There are a few different reasons why taxon harmonization is important.

  1. Taxon names change over time. For example, the African olive once was thought to be its own species, Olea africana. However, with new botanical and molecular information, we now know that it is actually a subspecies, rather than its own species. So the accepted name has now been updated to Olea europaea subsp. cuspidata. Older datasets in Neotoma may refer to the same taxon by its older name.
  2. A particular taxon can be identified to varying resolution. For instance, Olea capensis pollen can be identified to a species-level morphotype, but sometimes analysts will only identify it to the genus level. Depending on the nature of your analysis, you may therefore want to aggregate all the Olea capensis pollen in your data to a broader Olea category.
  3. Many plant taxa are cosmopolitan. Across a regional or continental synthesis, it isn’t obvious how you should deal with the question of splitting and lumping. In the case of Olea, depending on your question, you may want to treat the population from southern Africa as distinct from the east African population - or you may not. This is something you should be intentional about.

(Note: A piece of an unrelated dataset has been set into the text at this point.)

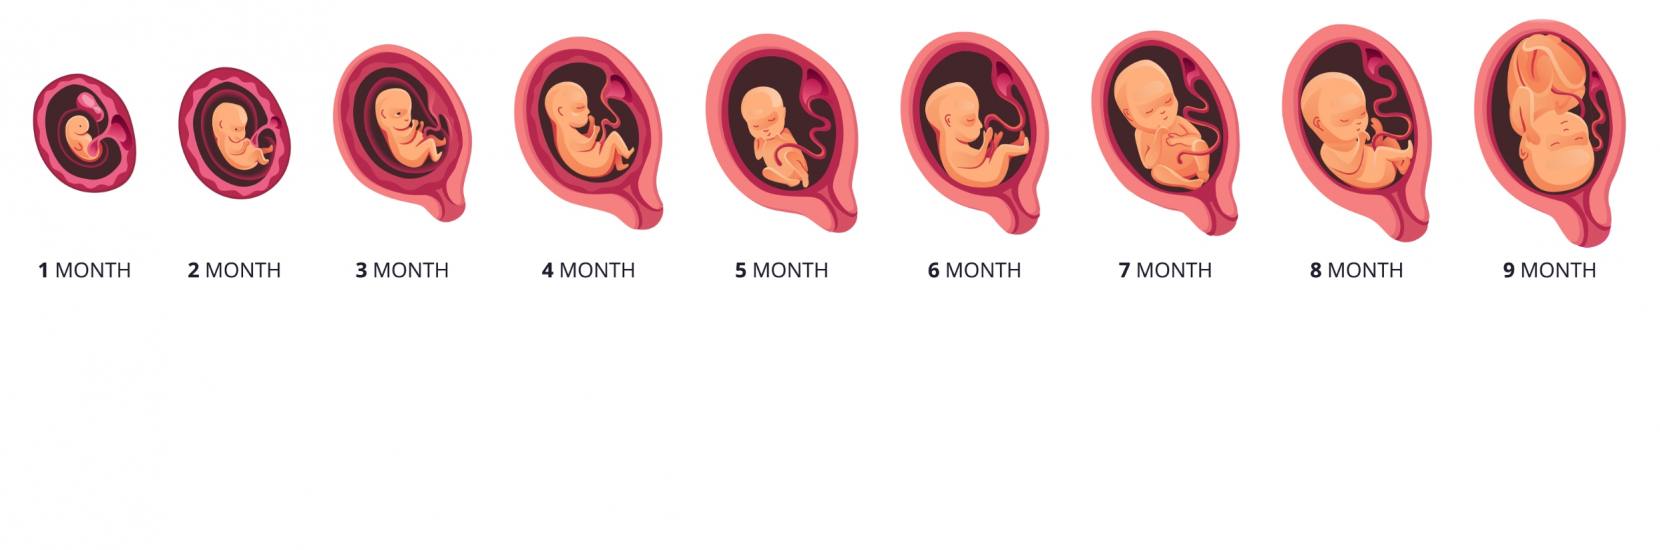 Bébé a 9 mois : le développement du bébé

There are multiple good ways to harmonize. It all depends on what best suits the analysis you intend.

Luckily for us, The African Pollen Database curates a valuable table for assisting in taxa harmonization across African pollen. This guide will walk you through use of the APD taxa harmonization table with a simple example.

1.1 Packages and Data

We’ll first load up some packages we’re going to be using, and then grab some pollen data to play with from Neotoma.

if (length(grep("pacman",as.data.frame(installed.packages())$Package)) ==0) {
  install.packages("pacman") 
  library(pacman)
  p_load(neotoma2,tidyverse,DT,geojsonsf,sf,leaflet,httr,stringr, ggplot2, tmap, rosm, osmdata,plotly)
} else {
  library(pacman)
  p_load(neotoma2,tidyverse,DT,geojsonsf,sf,leaflet,httr,stringr, ggplot2, tmap, rosm, osmdata,plotly)}

We make a bounding box that encompasses all of Africa. Then we grab all Neotoma sites from that box, and filter for just those datasetids that concern pollen. Then we use the Neotoma2 package to download all of those pollen data.

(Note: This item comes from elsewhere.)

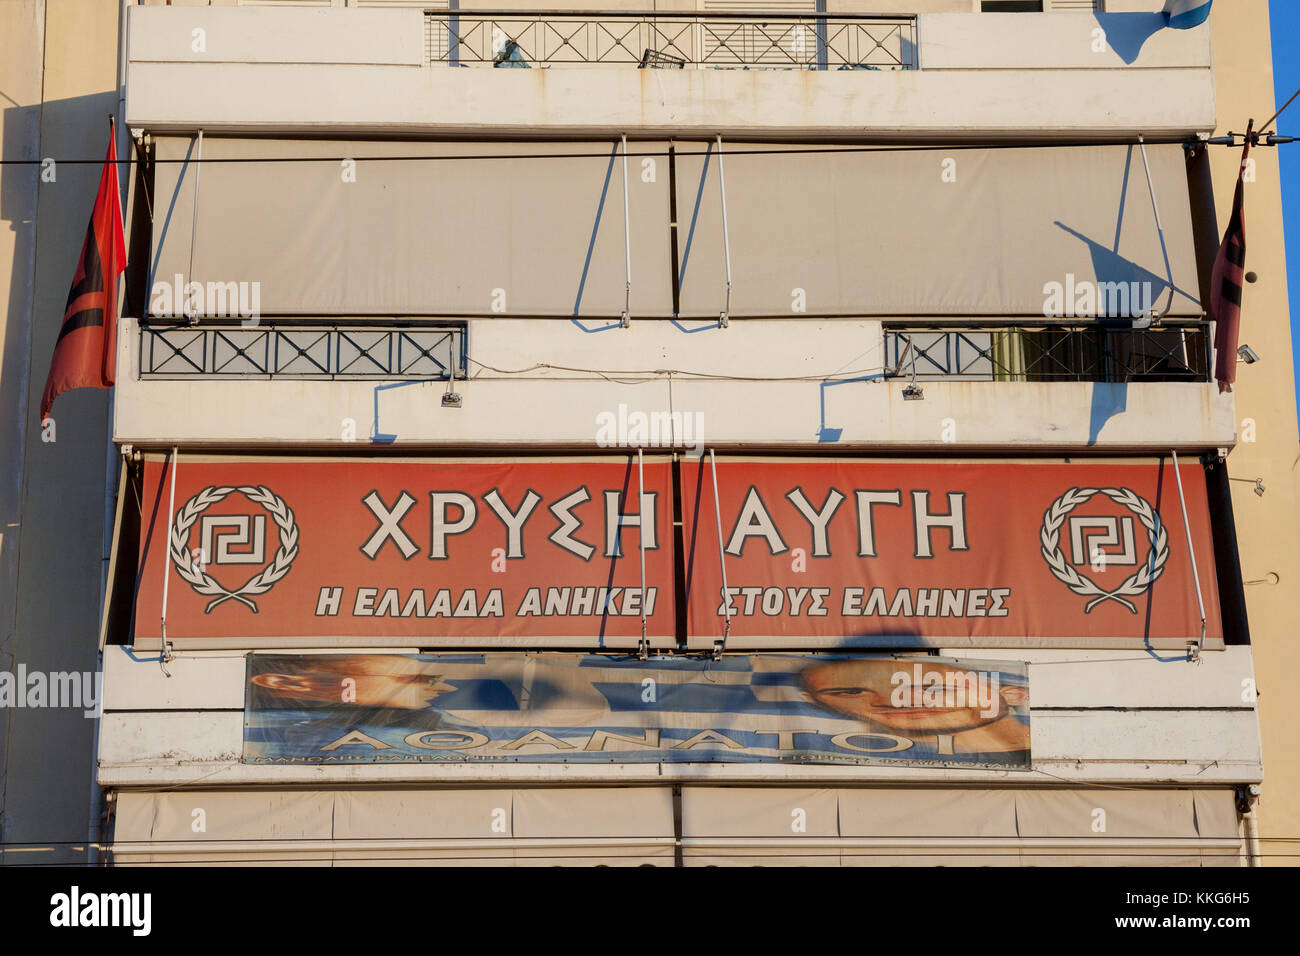 Athen, Griechenland - November 4, 2017: lokale Sitz der griechischen Rechtsextremen Partei Golden Dawn (Chrysi Avgi), für seine ultranationalistischen Positionen bekannt Stockfoto

lats = c(38, 38, -36, -36)
lons = c(-18, 52, 52, -18) # Reordered for a rectangle

# Create a data frame with coordinates
coordinates = data.frame(lat = lats, lon = lons)

# Convert to sf object and create a polygon
coordinates_sf = coordinates %>%
  st_as_sf(coords = c("lon", "lat"), crs = 4326) %>%
  summarise(geometry = st_combine(geometry)) %>%
  st_cast("POLYGON")

# Plot to check
tm_shape(osm.raster(coordinates_sf)) +
  tm_rgb() +
  tm_shape(coordinates_sf) +
  tm_polygons(alpha = 0.5)